Personal information
- Born: 8 April 1972 (age 53) Colombo, Sri Lanka
- Batting: Right-handed
- Bowling: Right-arm medium
- Role: All-rounder

Domestic team information
- 1991–1996: Colts Cricket Club

Career statistics
| Competition | First-class |
| Matches | 14 |
| Runs scored | 260 |
| Batting average | 16.25 |
| 100s/50s | 0/1 |
| Top score | 56* |
| Balls bowled | 767 |
| Wickets | 11 |
| Bowling average | 37.18 |
| 5 wickets in innings | 0 |
| 10 wickets in match | 0 |
| Best bowling | 3/40 |
| Catches/stumpings | 5/– |
- Source: Cricinfo, 8 August 2018

= Harsha de Silva (coach) =

Sri Lankan cricket coach (born 1972)

Harsha de Silva (born 8 April 1972) is a former Sri Lankan first-class cricketer who played for Colts Cricket Club in 14 first-class cricket matches between 1991 and 1996. After his playing career, he had two spells as the coach of the Sri Lanka Women's National Cricket Team, first between 2010 and 2013 and later from 2018 to 2020.

== Coaching career ==
After retiring from playing first-class cricket matches in 1996, he went onto become a cricket coach and a mentor to schoolboy cricketers in Sri Lanka as well as in Australia where he served as the coach of the Wynnum Manly District Cricket Club and the women cricketers at the Valley District Cricket Club.

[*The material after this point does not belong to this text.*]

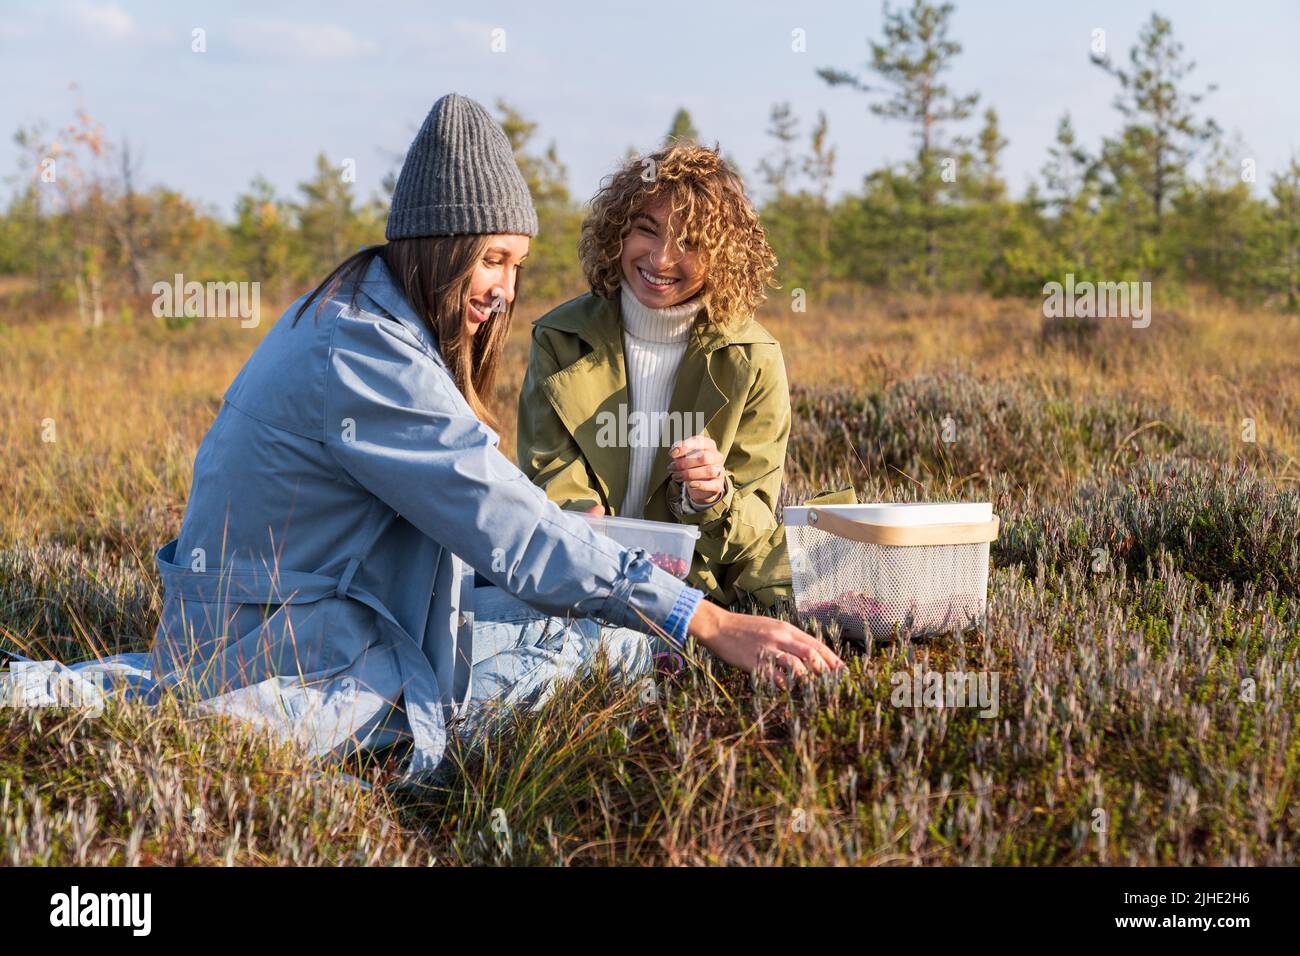 Two young cheerful girls spending weekend in countryside picking autumn berries and communicating Stock Photo

He was a junior level coach from 1996 to 2001 for his own school, Saint Joseph's College, Colombo, and became a professional school cricket coach for St. Joseph's College in 2001. He is also known for mentoring some of the current Sri Lankan international cricketers including Angelo Mathews, Thisara Perera and Dimuth Karunaratne.

He had a spell as head coach of the Sri Lanka Women's Team between 2010 and 2013. On 8 August 2018, after a five-year gap, he was reappointed as the head coach of the women's team by Sri Lanka Cricket, after the resignation of previous coach Hemantha Devapriya. In August 2020, he was sacked as the head coach of the Sri Lanka women's cricket team and was replaced by Lanka de Silva.